Mobile-VTON: High-Fidelity On-Device Virtual Try-On¶

Conference: CVPR 2026 arXiv: 2603.00947 Code: Project Page Area: Human Understanding Keywords: Virtual try-on, mobile deployment, knowledge distillation, diffusion models, privacy protection

TL;DR¶

This paper proposes Mobile-VTON, the first diffusion-based virtual try-on system capable of running fully offline on mobile devices. Through a TeacherNet-GarmentNet-TryonNet (TGT) architecture and a Feature-Guided Adversarial (FGA) distillation strategy, the system achieves high-quality try-on results comparable to server-side baselines with only 415M parameters and 2.84GB memory.

Background & Motivation¶

Virtual try-on (VTON) has seen substantial improvements in visual quality in recent years, yet mainstream systems rely on cloud-based GPU inference, requiring users to upload personal photos. This introduces three core issues: (1) diffusion models are too large in parameter count, memory, and latency for mobile hardware; (2) garment representations drift semantically across diffusion steps, causing inconsistencies; (3) existing methods depend on large-scale pre-training (e.g., text-to-image), making it difficult for lightweight architectures to independently acquire sufficient garment synthesis capability. Furthermore, uploading personal photos poses privacy risks.

Method¶

Overall Architecture¶

Mobile-VTON adopts a modular TGT architecture: TeacherNet (based on SD 3.5 Large, frozen) provides supervision signals; GarmentNet (lightweight Light-UNet) extracts garment features and maintains timestep consistency; TryonNet (lightweight Light-UNet) fuses person–garment representations to synthesize the final try-on image.
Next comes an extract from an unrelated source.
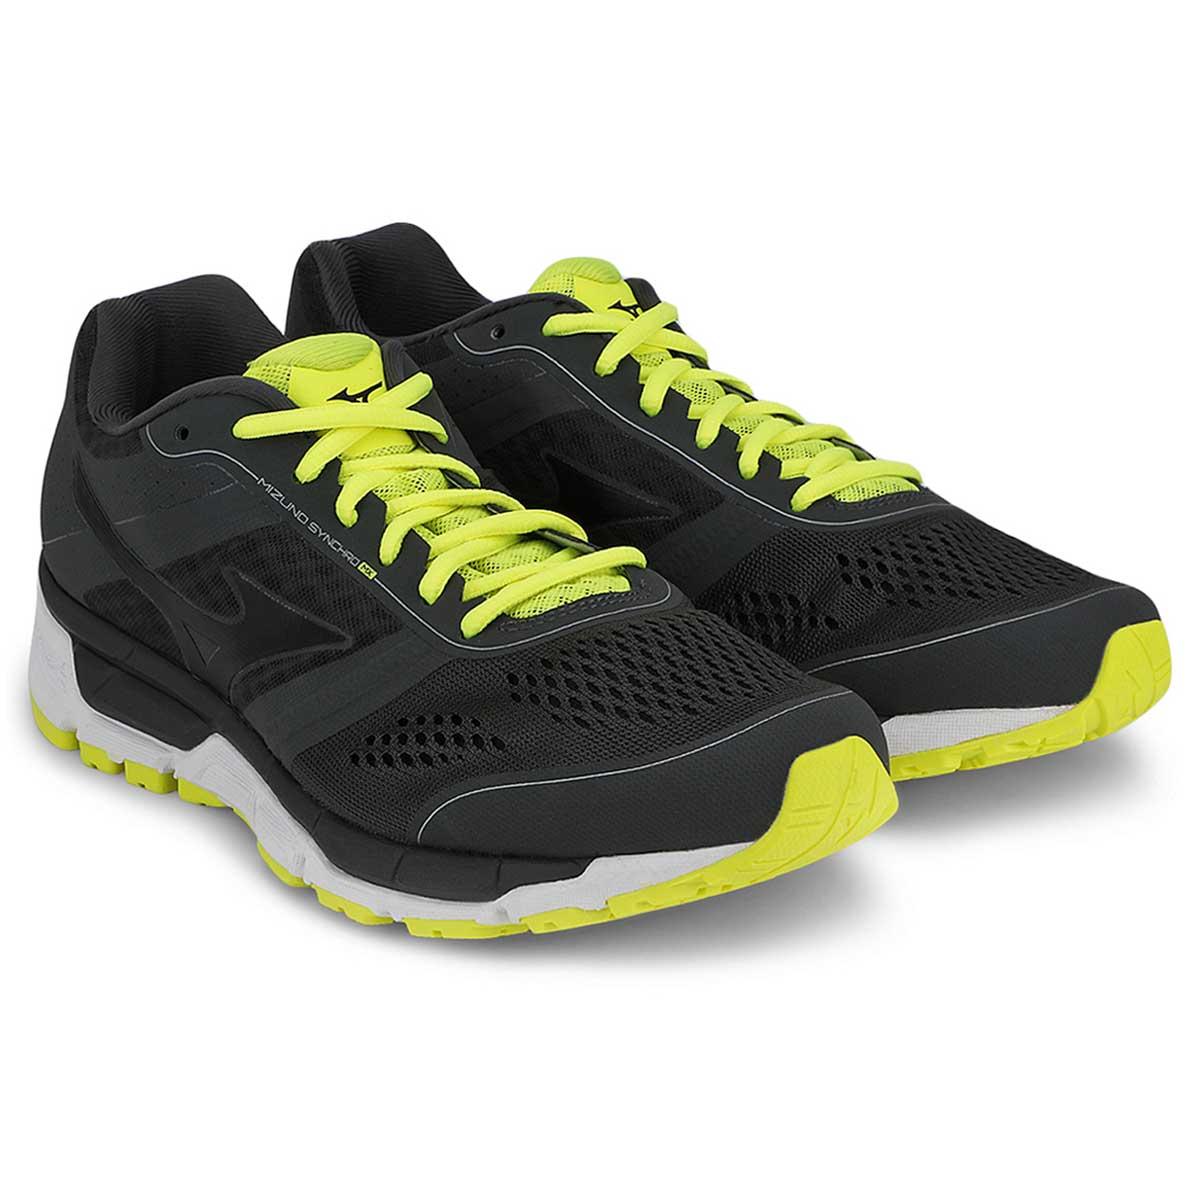 low priced f0f05 1c247 Mizuno Synchro MX Running Shoes (Grey/Black/Yellow)

The core mechanism is Feature-Guided Adversarial (FGA) Distillation, which transfers teacher model knowledge into the lightweight student network.

Key Designs¶

Feature-Guided Adversarial (FGA) Distillation: Combines two complementary objectives:
- Feature-level distillation: Aligns the score function estimates of teacher and student at each diffusion step, rather than regressing pixel values. Given a noisy latent \(\tilde{\mathbf{z}}^{(t)}\), the frozen teacher \(D_t\) and student \(D_s\) produce \(s_{\text{true}}\) and \(s_{\text{fake}}\), respectively, and the \(\ell_2\) distance is minimized: \(\mathcal{L}_{\text{feature}} = \mathbb{E}_t \| s_{\text{true}}(\tilde{\mathbf{z}}^{(t)}, t) - s_{\text{fake}}(\tilde{\mathbf{z}}^{(t)}, t) \|_2^2\)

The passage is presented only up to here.